Из груди Коллберга по всему телу разливался холод, будто кто-то сунул туда кусок льда.

– Я понимаю.

Экран погас.

Коллберг еще долго сидел, глядя в темно-серое стекло. Внезапно он вскочил, словно только что очнулся от кошмара – быть может, Кейн уже вышел из дворца, возможно, он уже на связи, говорит или делает нечто такое, что разрушит жизнь Коллберга.

Администратор смахнул крошки с рубахи; потной рукой пригладил волосы и рванулся к видеокабине.

Майклсон угрожал ему вчера; сегодня угроза исходила от Кейна. На этот раз, решил Коллберг, пора дать этому ублюдку по рукам.

«Дай мне только повод выступить против тебя на Совете, – подумал он. – Один только повод. Посмотришь, что будет потом. Посмотришь».

День третий

– Иногда я сомневаюсь, что ты можешь уважать еще что-нибудь, кроме власти,

– А что еще можно уважать?

– Вот видишь! Я имела в виду именно это, ты же просто увиливаешь от ответа или отделываешься отговоркой. Это потому, что тебя не интересует то, что волнует меня. То, что важно, действительно важно…

– Например? Правосудие? Увольте. Честь? Это из области абстракций, которые мы придумали, чтобы нам легче было сосуществовать с реальной властью, чтобы заставлять людей добровольно ограничивать себя.

– А как же любовь?
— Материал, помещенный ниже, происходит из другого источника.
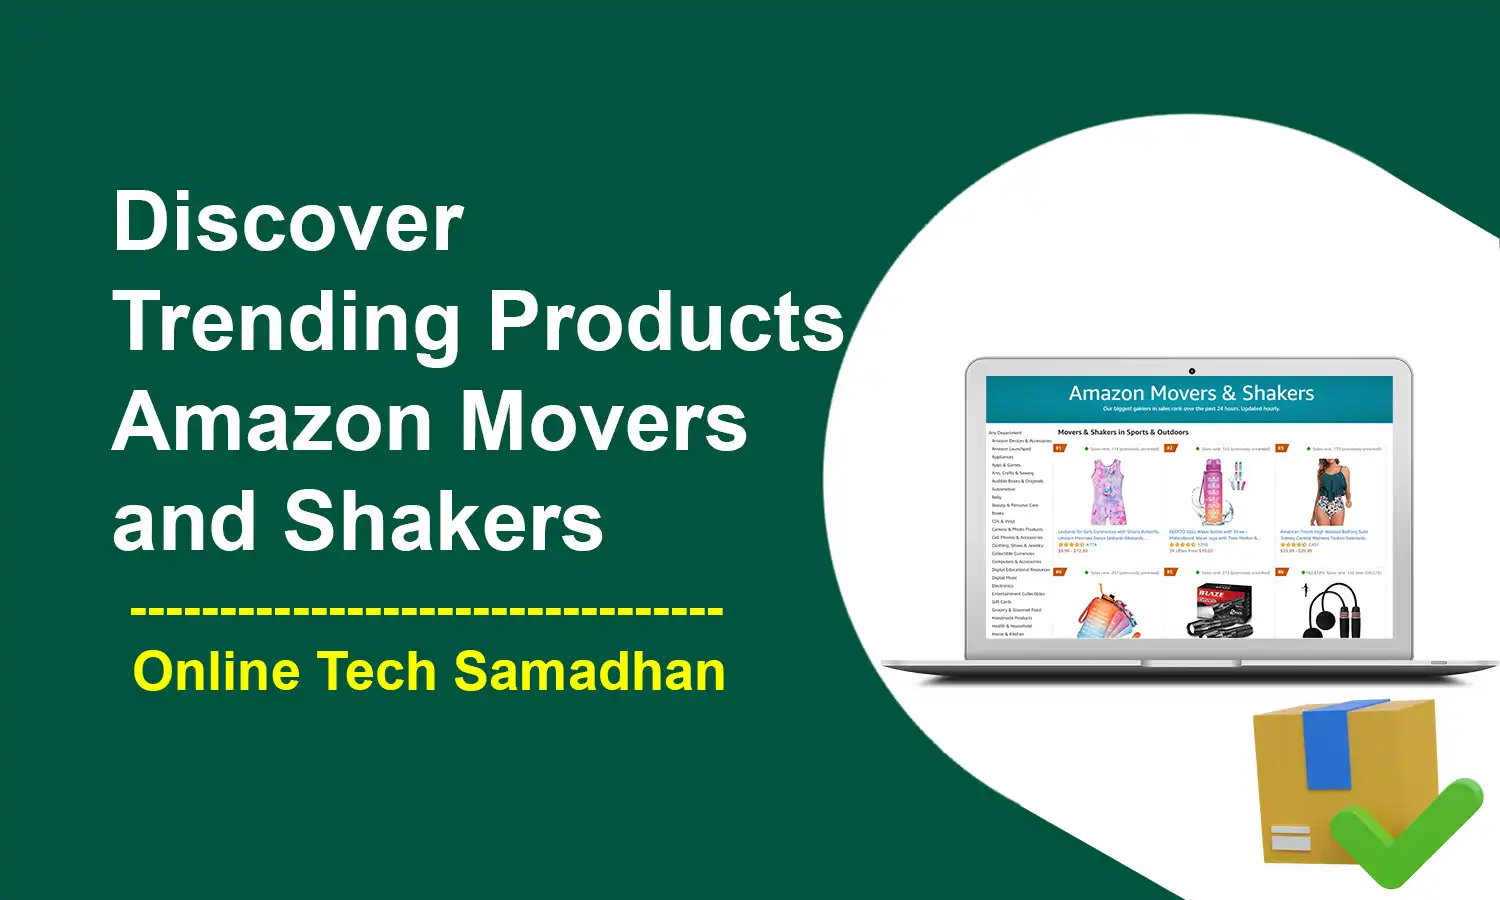 Amazon Movers and Shakers Products

Разве это не большая абстракция, чем правосудие?

– Ради бога, Шенна…

– Разве не глупо, что мы все время сражаемся за абстракции?

– Мы не сражаемся.

– Еще как сражаемся! Может, не за правосудие и любовь, но сражаемся изо всех сил, это уж точно.

1

Круг за кругом крошащиеся каменные скамьи и крытые переходы ступенями поднимались над пятачком мокрого от дождя песка. Вся эта громадная постройка, возможно, некогда предназначалась для игрищ между богами. Внутренняя стена, отгораживающая песок от скамей, когда-то была высотой в три человеческих роста. Несмотря на то что время и вредные угольные пары сталеплавилен Рабочего парка совсем раскрошили ее, на стене все же остались параллельные царапины от алмазных когтей драконимфов, извилистые ожоги от кислотного яда из хвостовой полости дракона и выбоины от арбалетных стрел, пронзавших плоть трусливых гладиаторов.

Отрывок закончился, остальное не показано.